▶ DATA SEGMENT:
>>>>
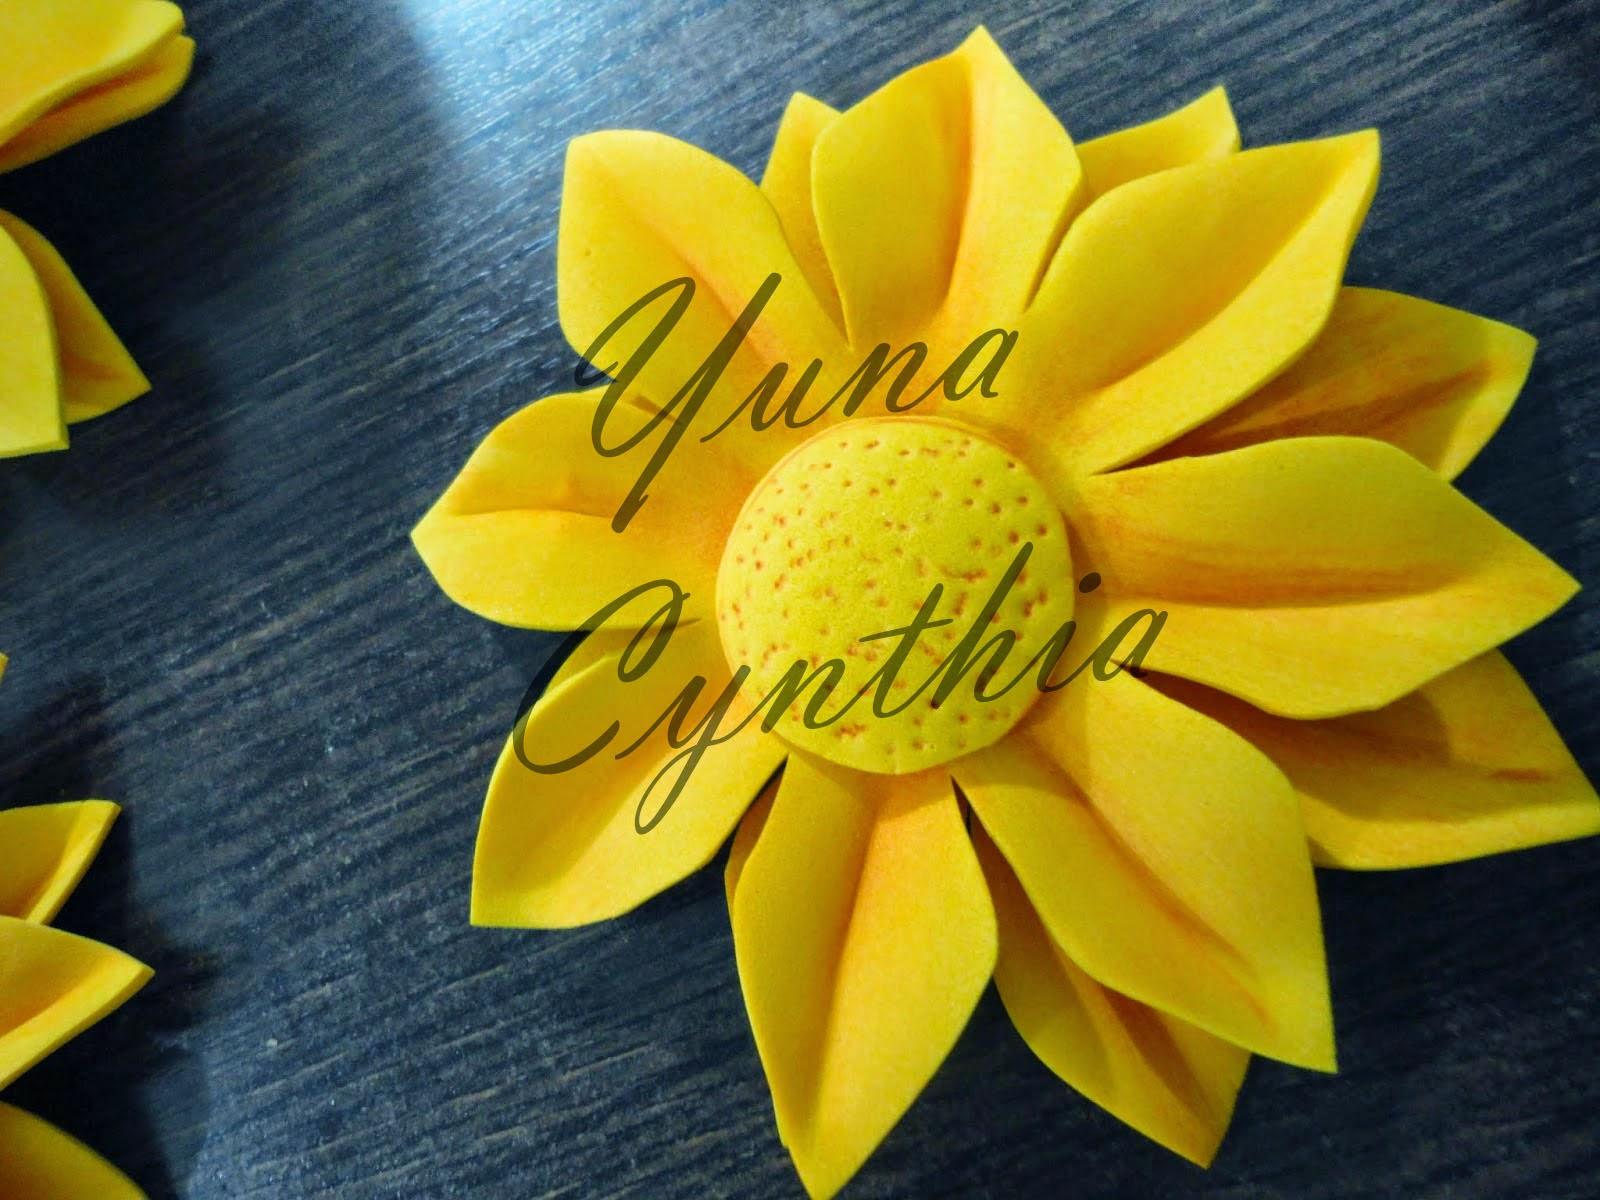 Yuna Cynthia: Tutorial: Hacer flores de goma eva/foami (girasoles)
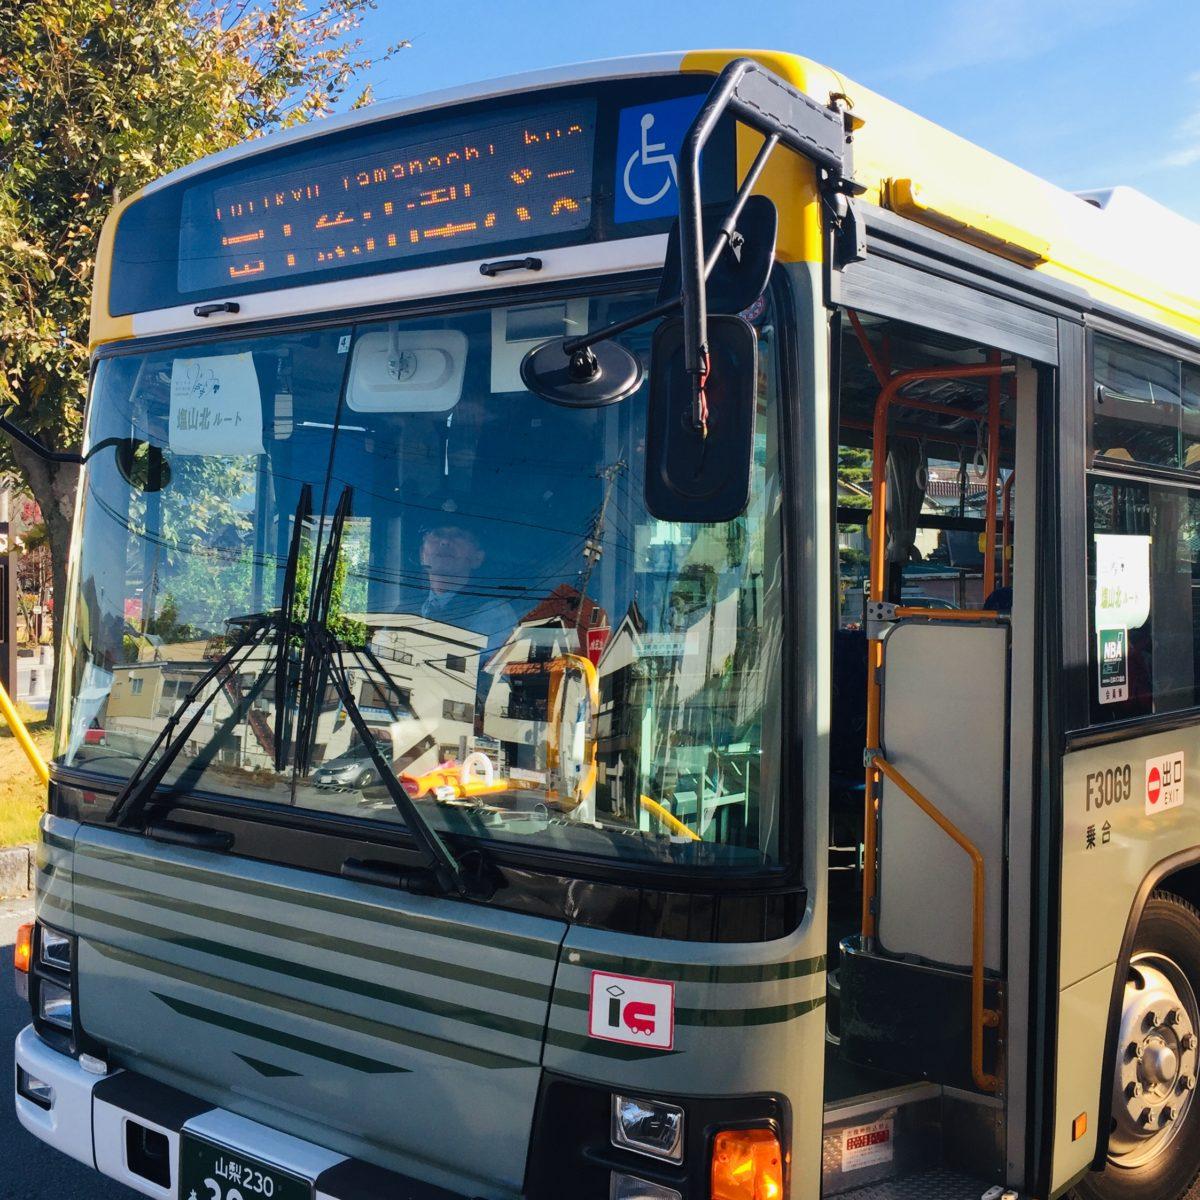 ワインツーリズムやまなし2018・秋での山梨交通の巡回バス
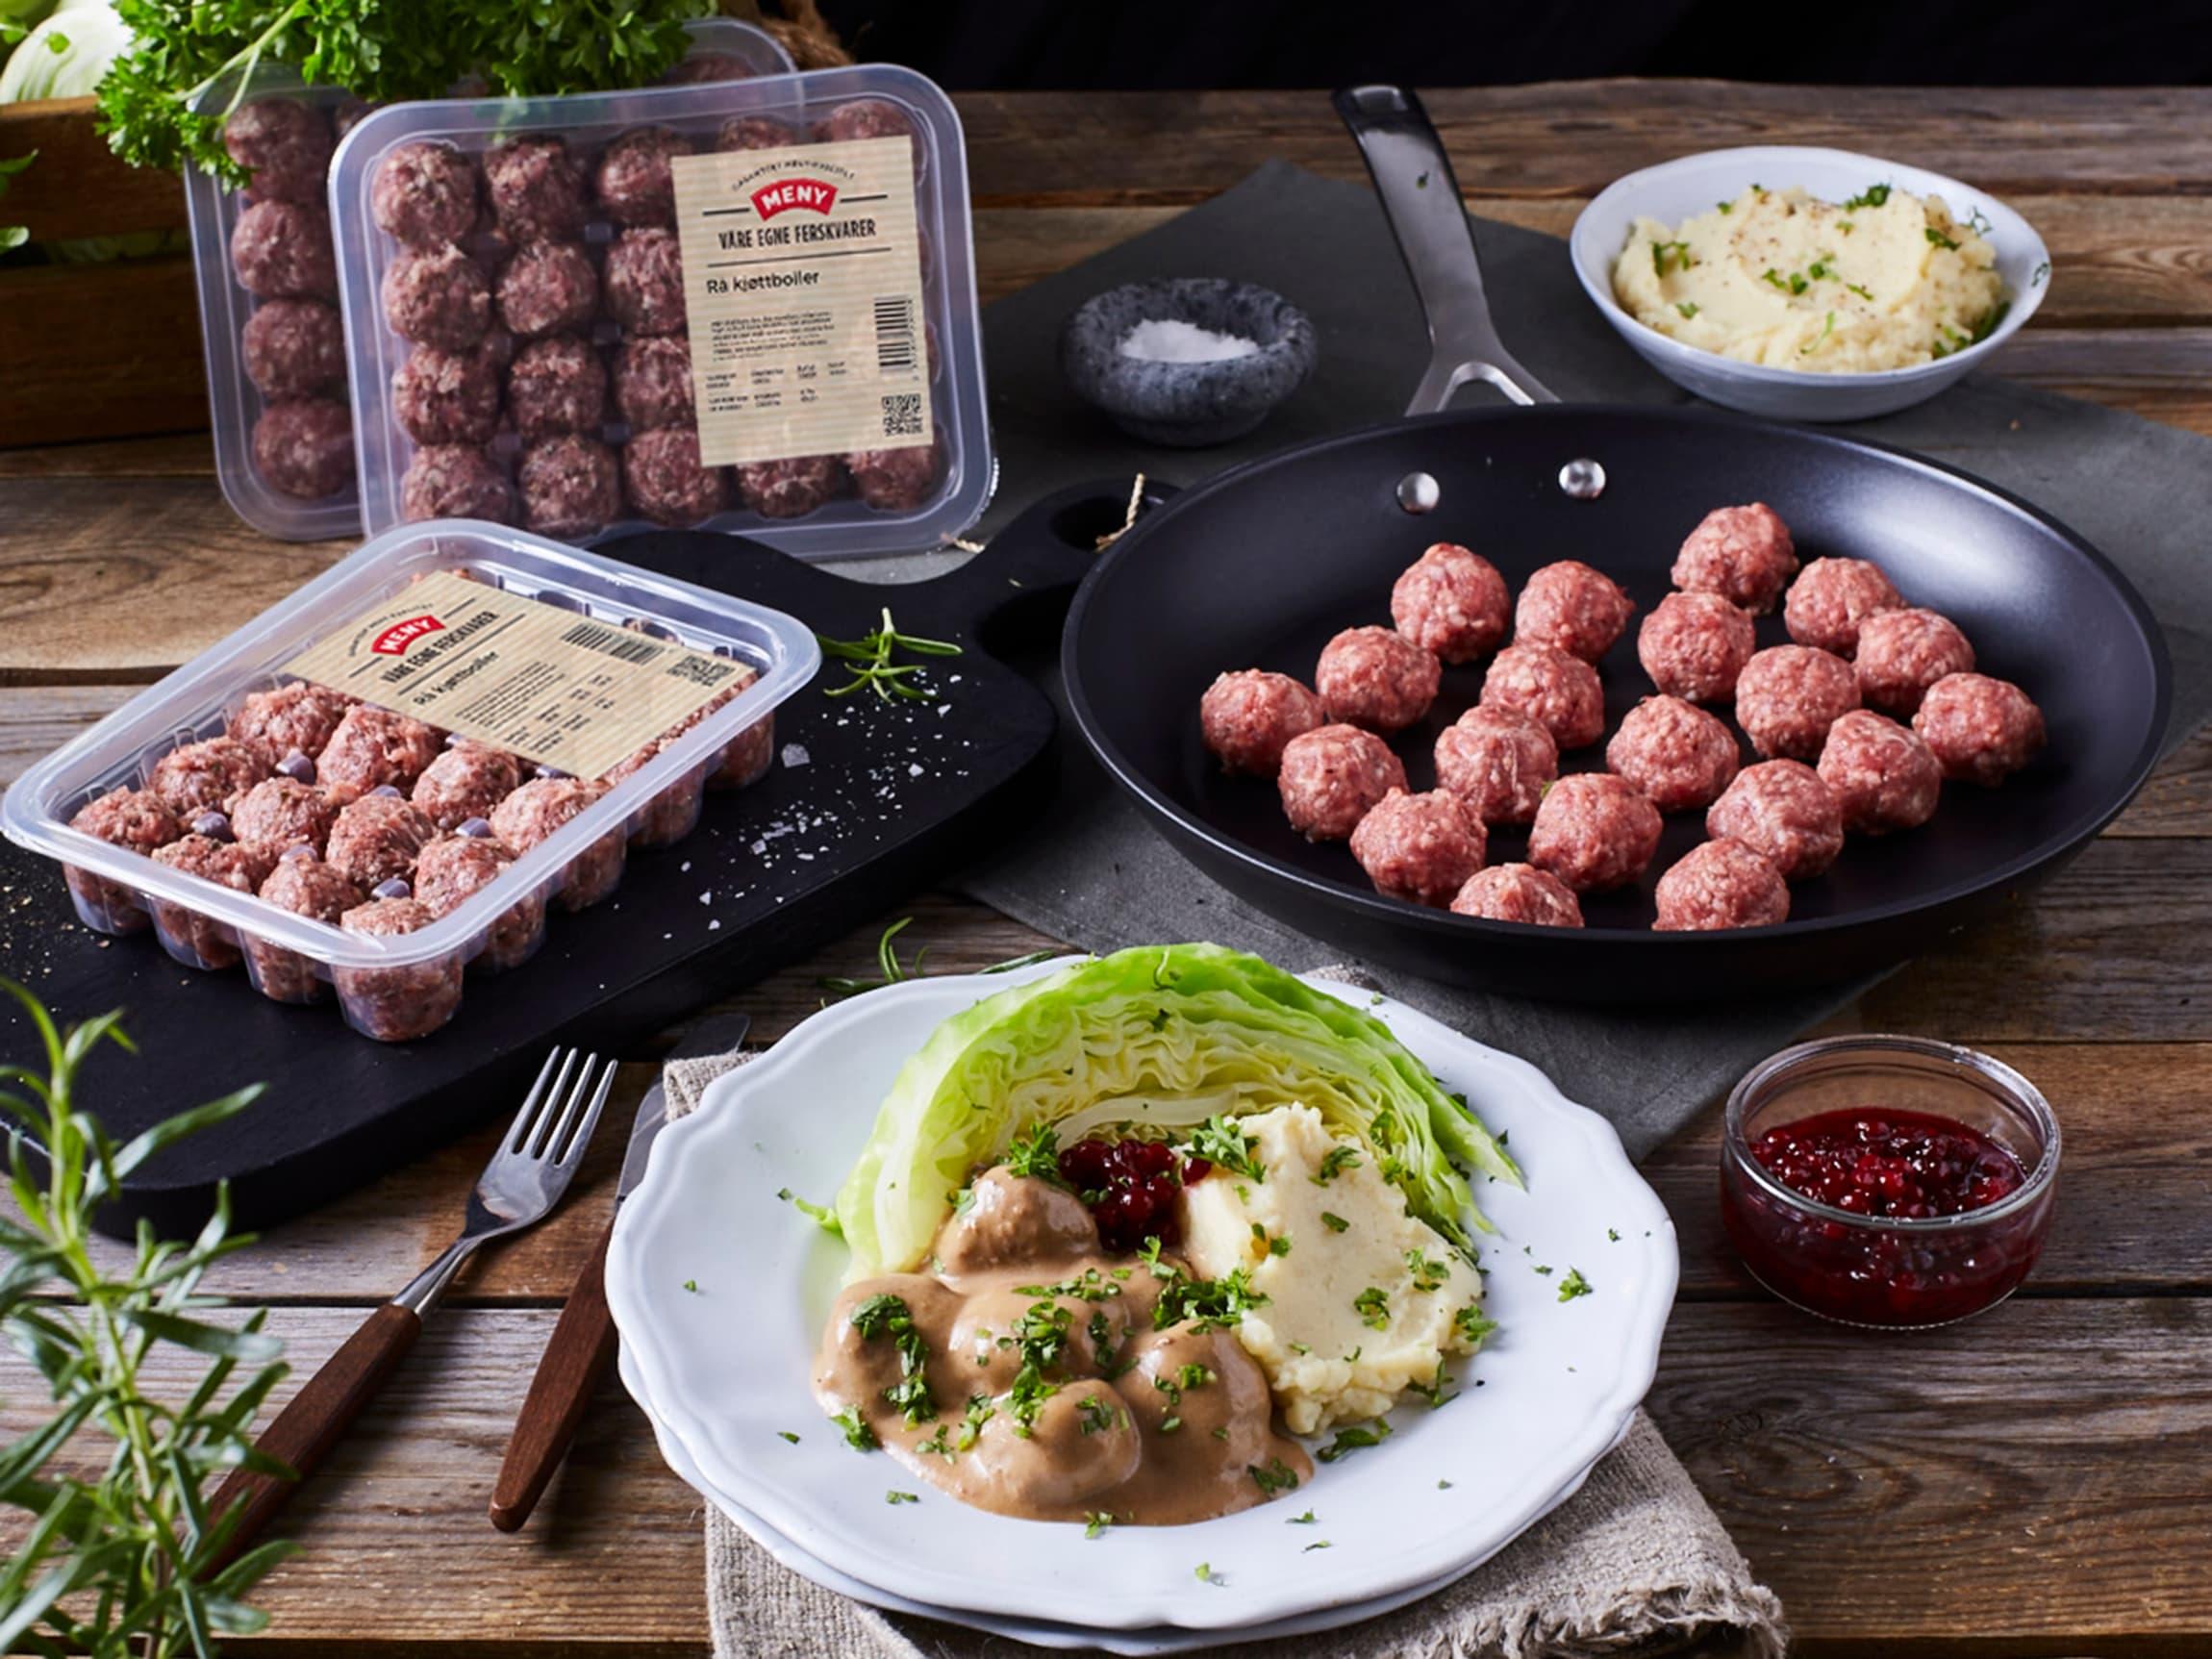 Våre egne ferdige kjøttboller kan varieres i det uendelige, fra den tradisjonelle middagen kjøttboller med fløtesaus og potetmos, til wok med kjøttboller, grønnsaker og nudler.
<<<<
▶ PROMPT: When you retype the data above, match every line exactly and leave the pictures behind.

▶ EXERCISE OUTPUT:
 Yuna Cynthia: Tutorial: Hacer flores de goma eva/foami (girasoles)
 ワインツーリズムやまなし2018・秋での山梨交通の巡回バス
 Våre egne ferdige kjøttboller kan varieres i det uendelige, fra den tradisjonelle middagen kjøttboller med fløtesaus og potetmos, til wok med kjøttboller, grønnsaker og nudler.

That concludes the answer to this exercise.